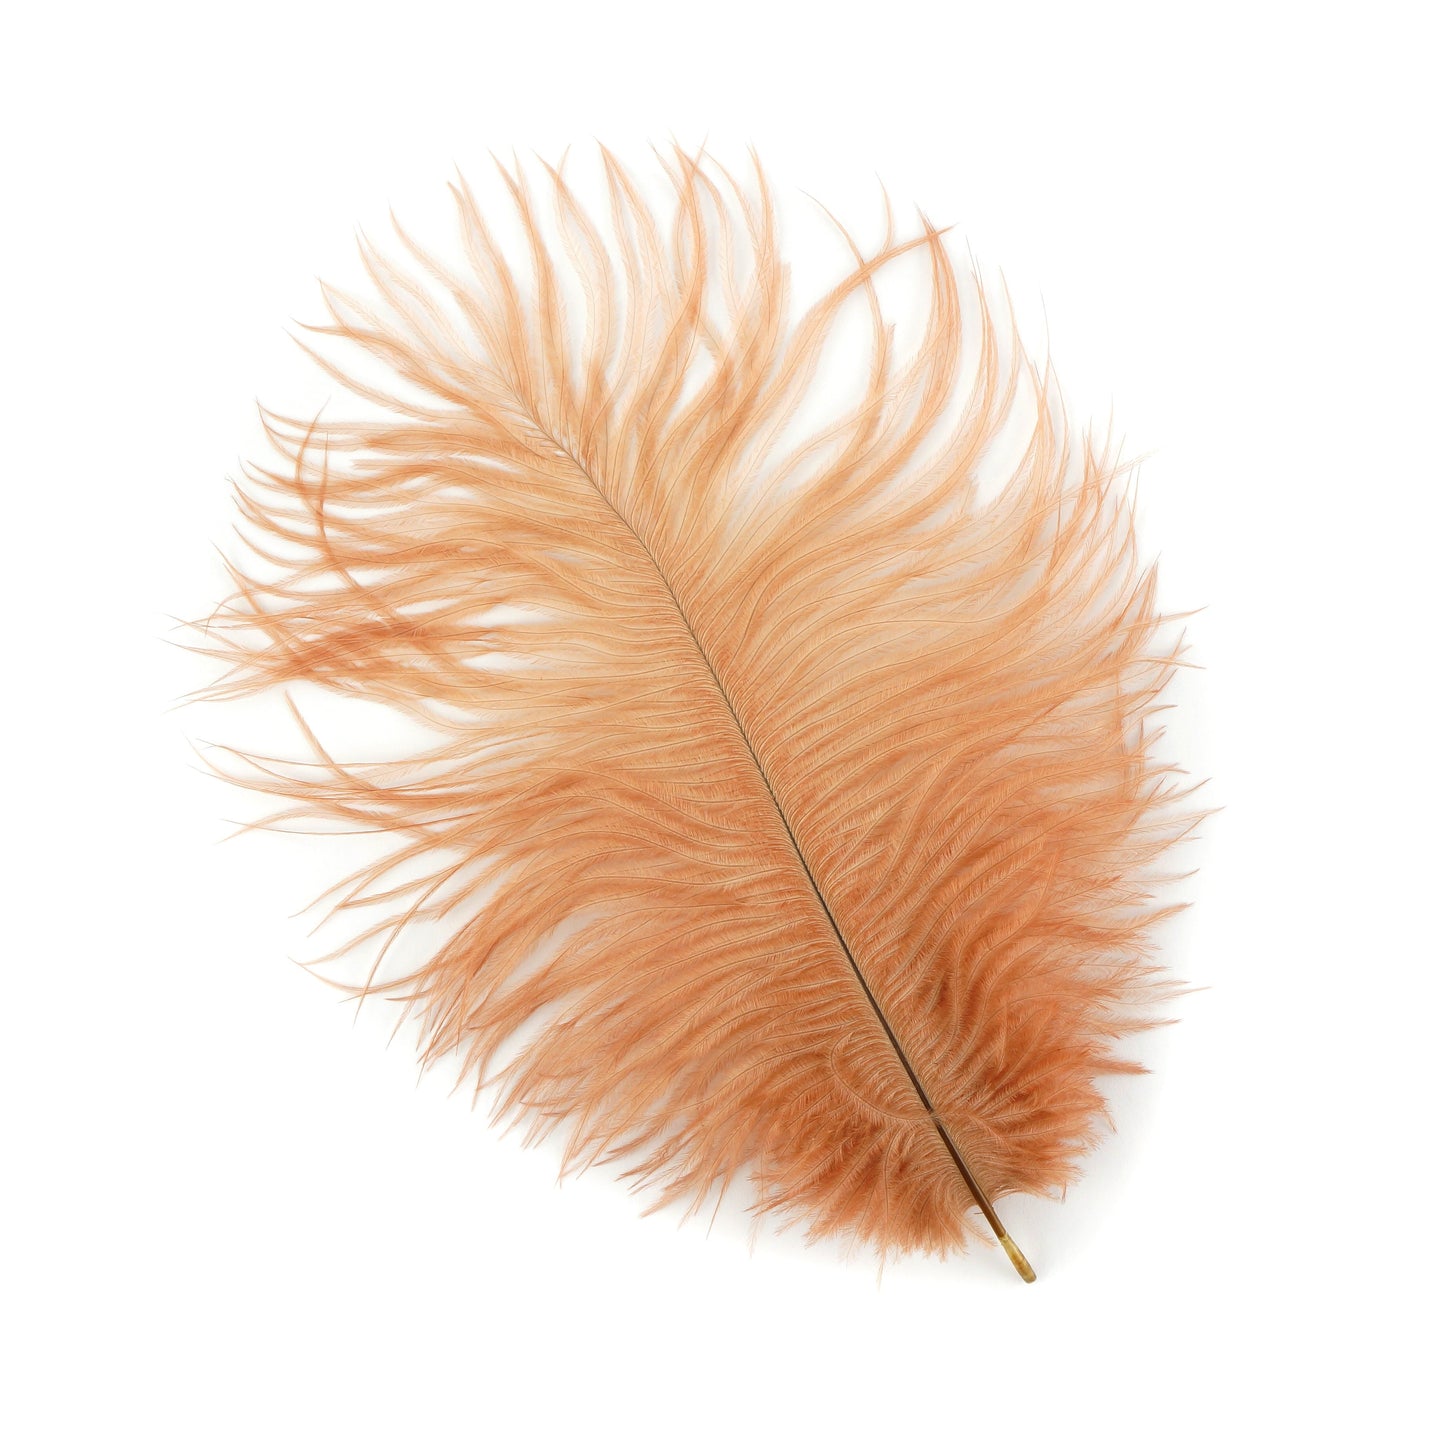 Ostrich Feathers 4-8" Drabs - Cinnamon
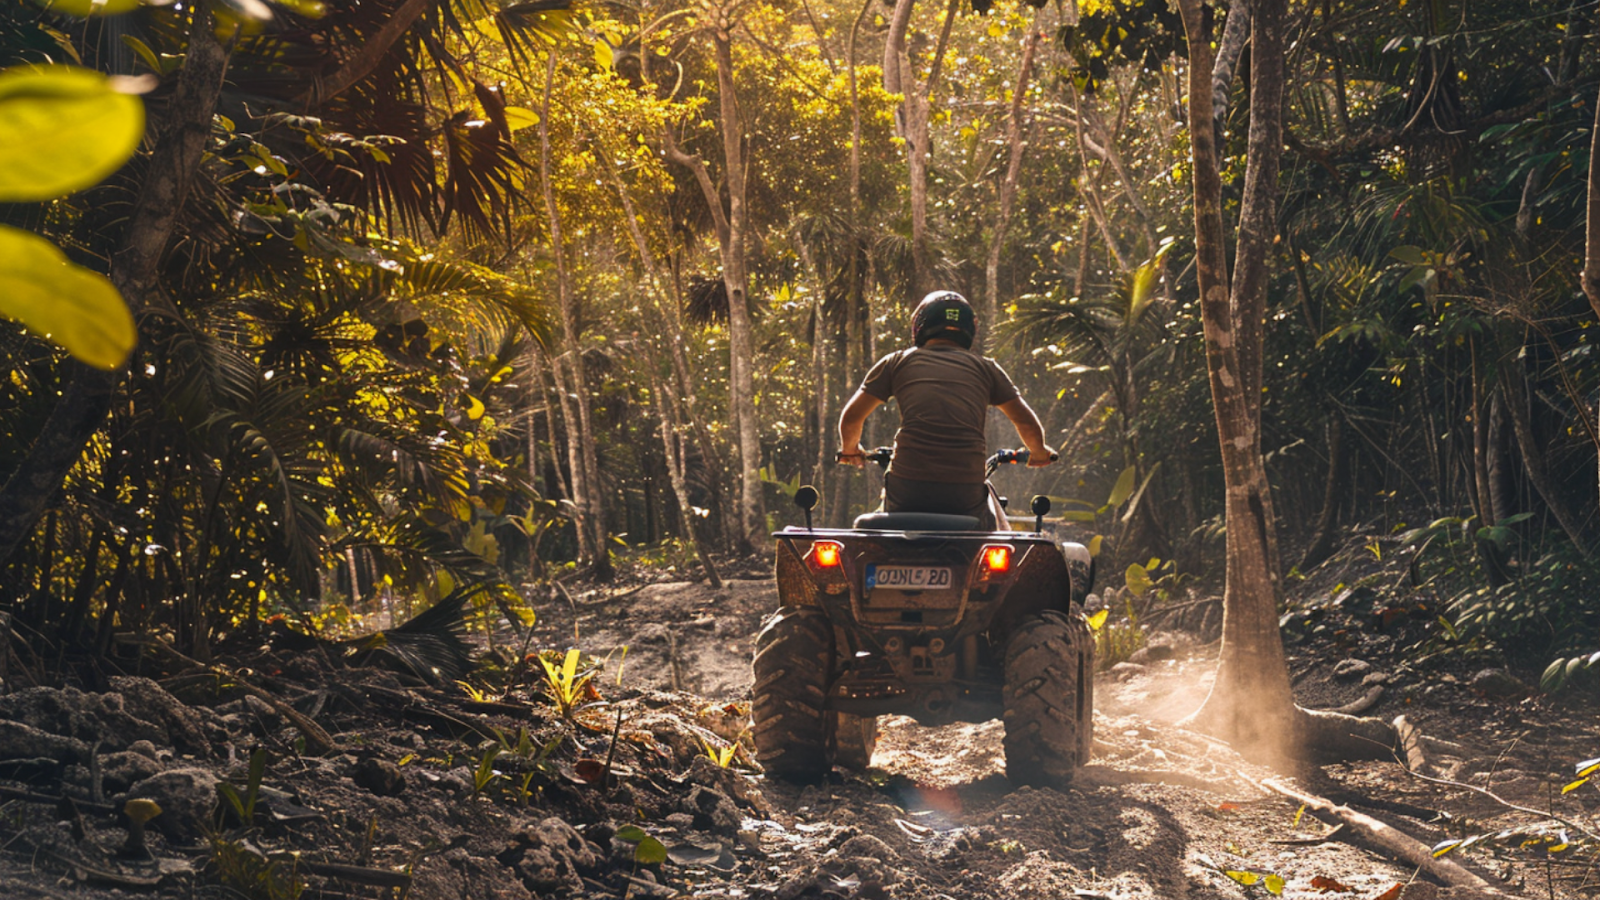 A man going on an ATV adventure exploring the lush jungles of Cancun
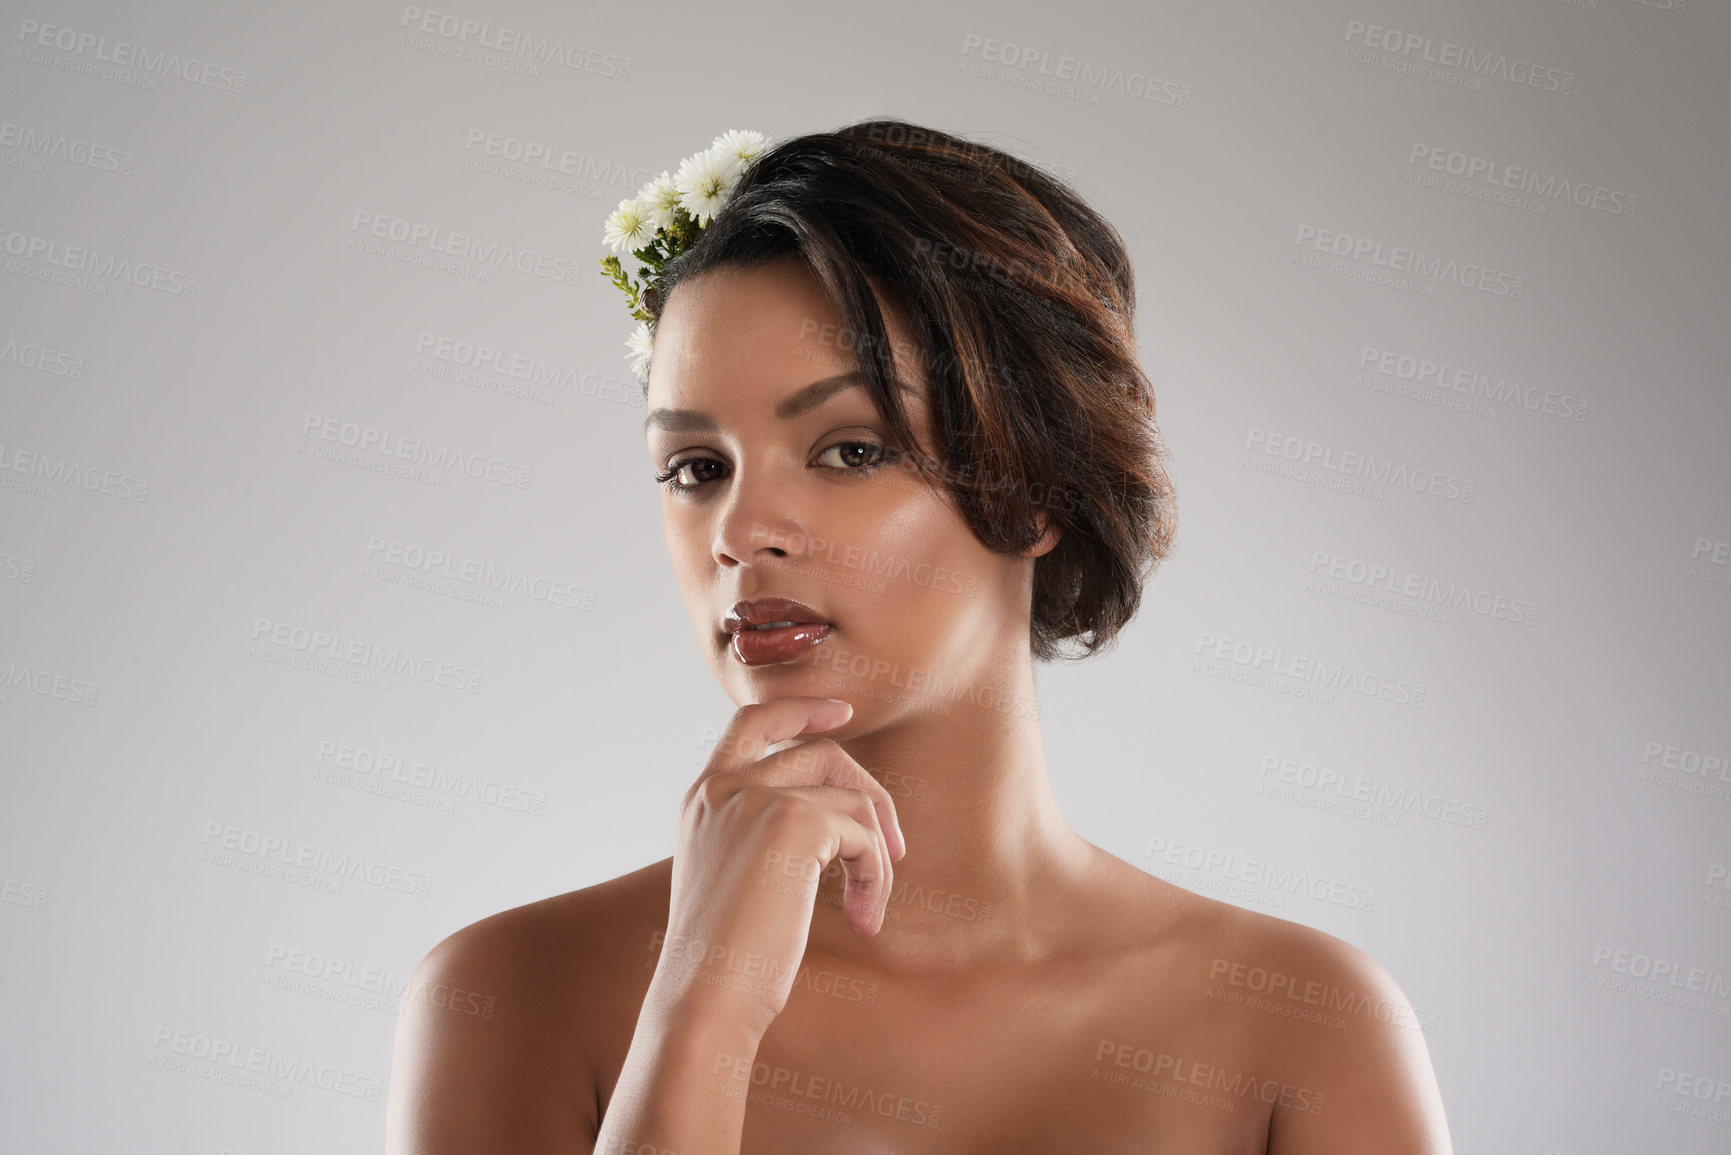 Buy stock photo Studio portrait of a beautiful young woman with flowers in her hair posing against a gray background
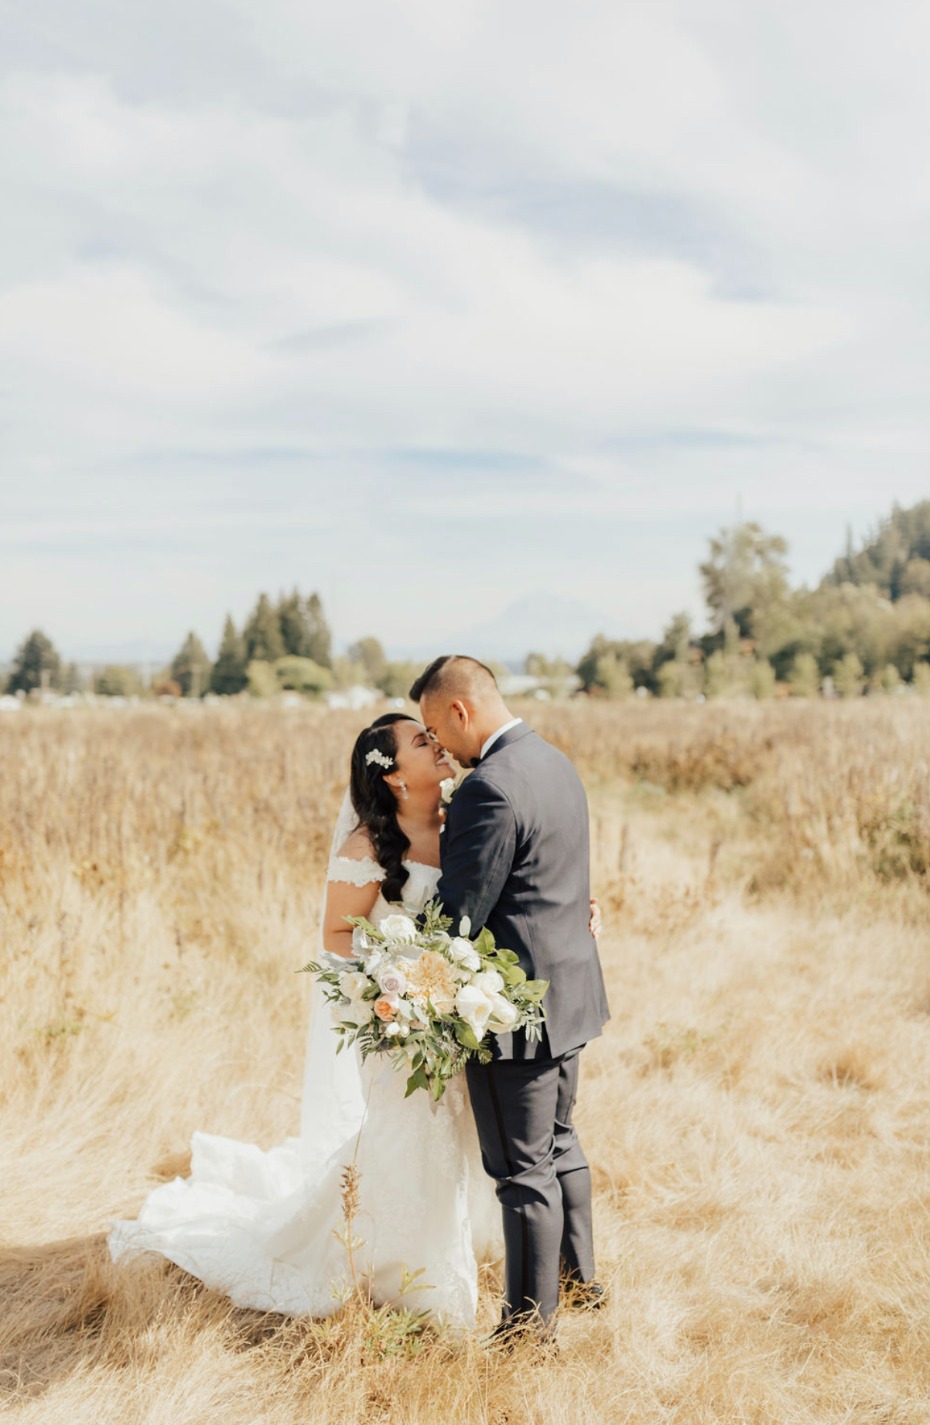 Jessica Vann-Campbell Flowers Is Your Go-To in the PNW for Goosebump-Worthy Flower Goals
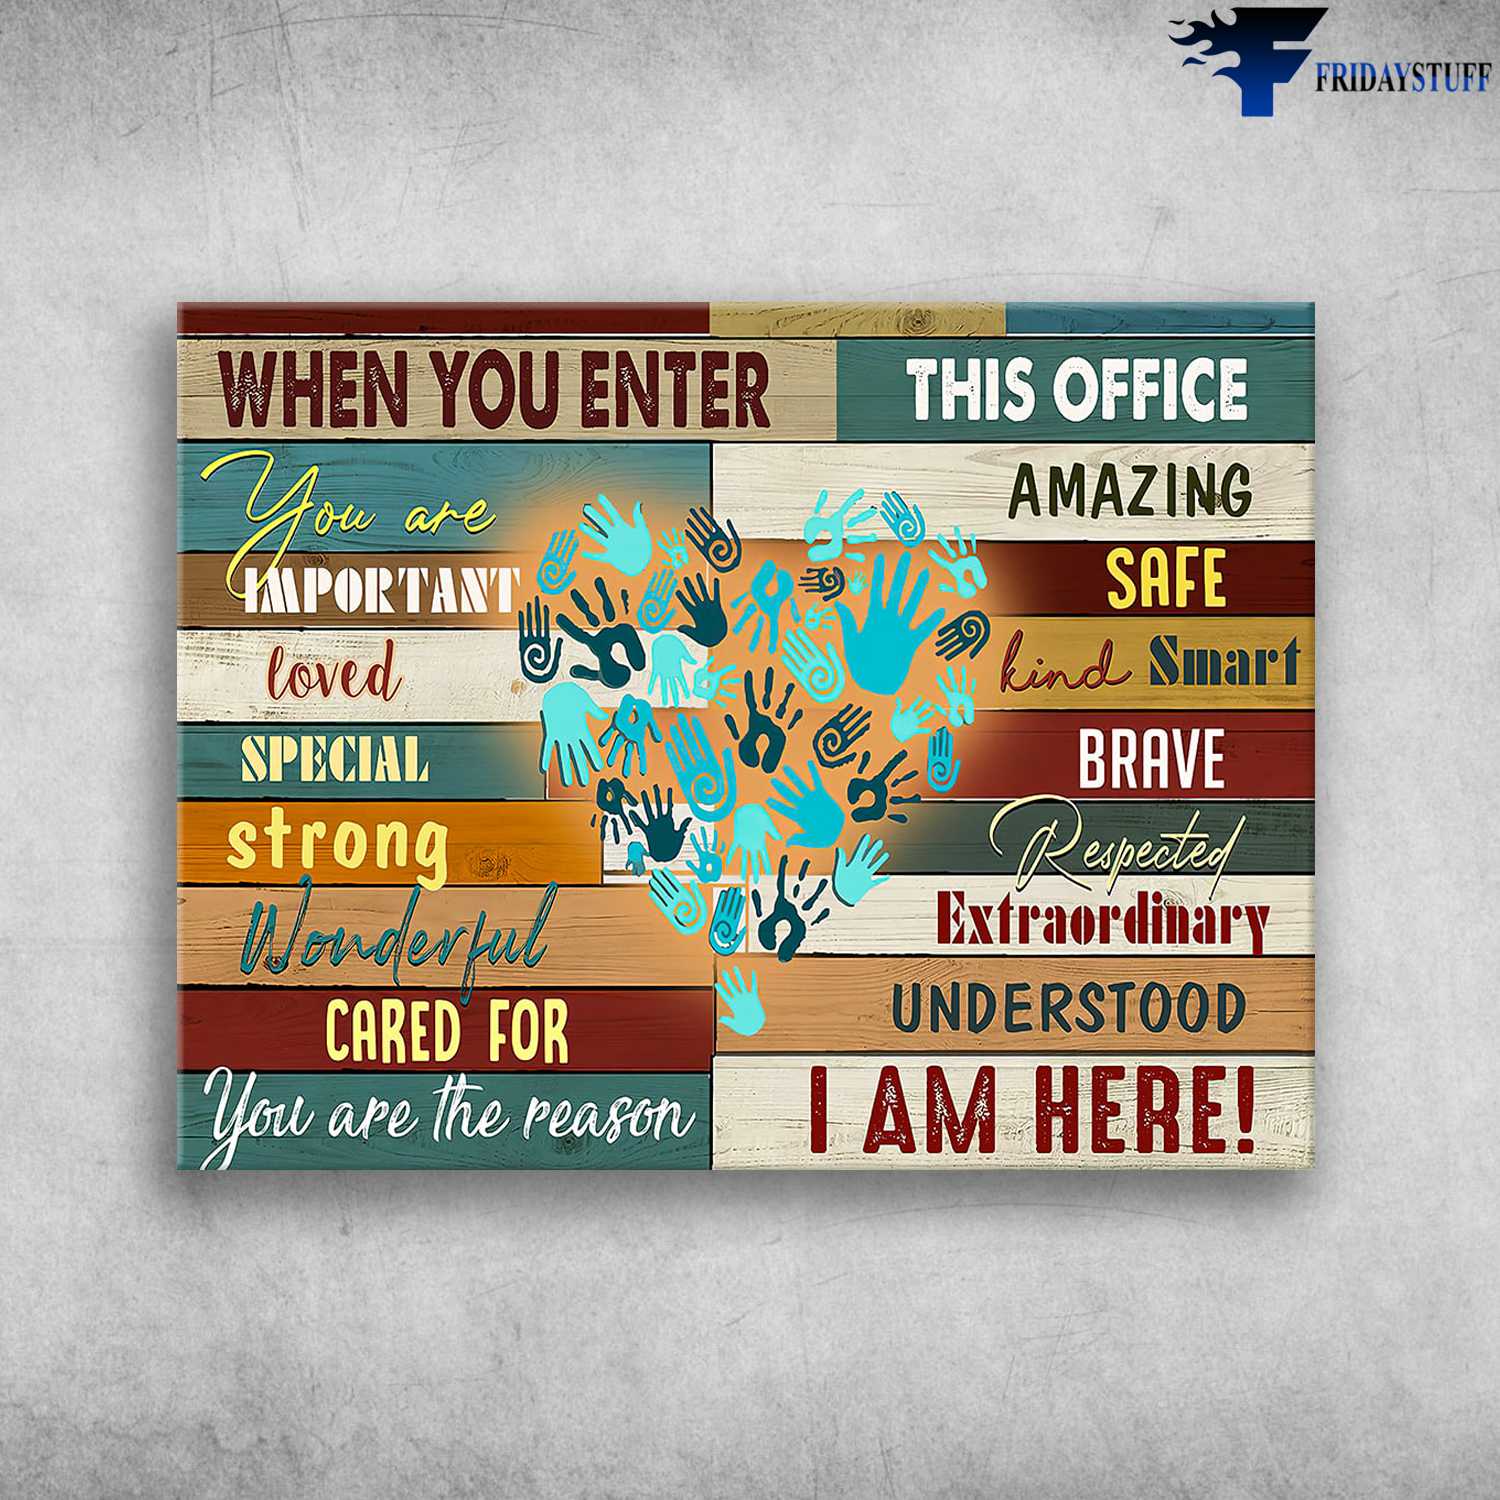 Office Poster - When You Enter This Offive, You Are Important, Amazing, Safe, Loved, Special, Strong, Wonderful, Cared For, You Are The Season I Am Here
· · · ·
This task calls for an exact copy of the data above, without pictures.

Answer to this task.
 Ostrich Feathers 4-8" Drabs - Cinnamon
 A man going on an ATV adventure exploring the lush jungles of Cancun
 Buy stock photo Studio portrait of a beautiful young woman with flowers in her hair posing against a gray background
 Jessica Vann-Campbell Flowers Is Your Go-To in the PNW for Goosebump-Worthy Flower Goals
 Office Poster - When You Enter This Offive, You Are Important, Amazing, Safe, Loved, Special, Strong, Wonderful, Cared For, You Are The Season I Am Here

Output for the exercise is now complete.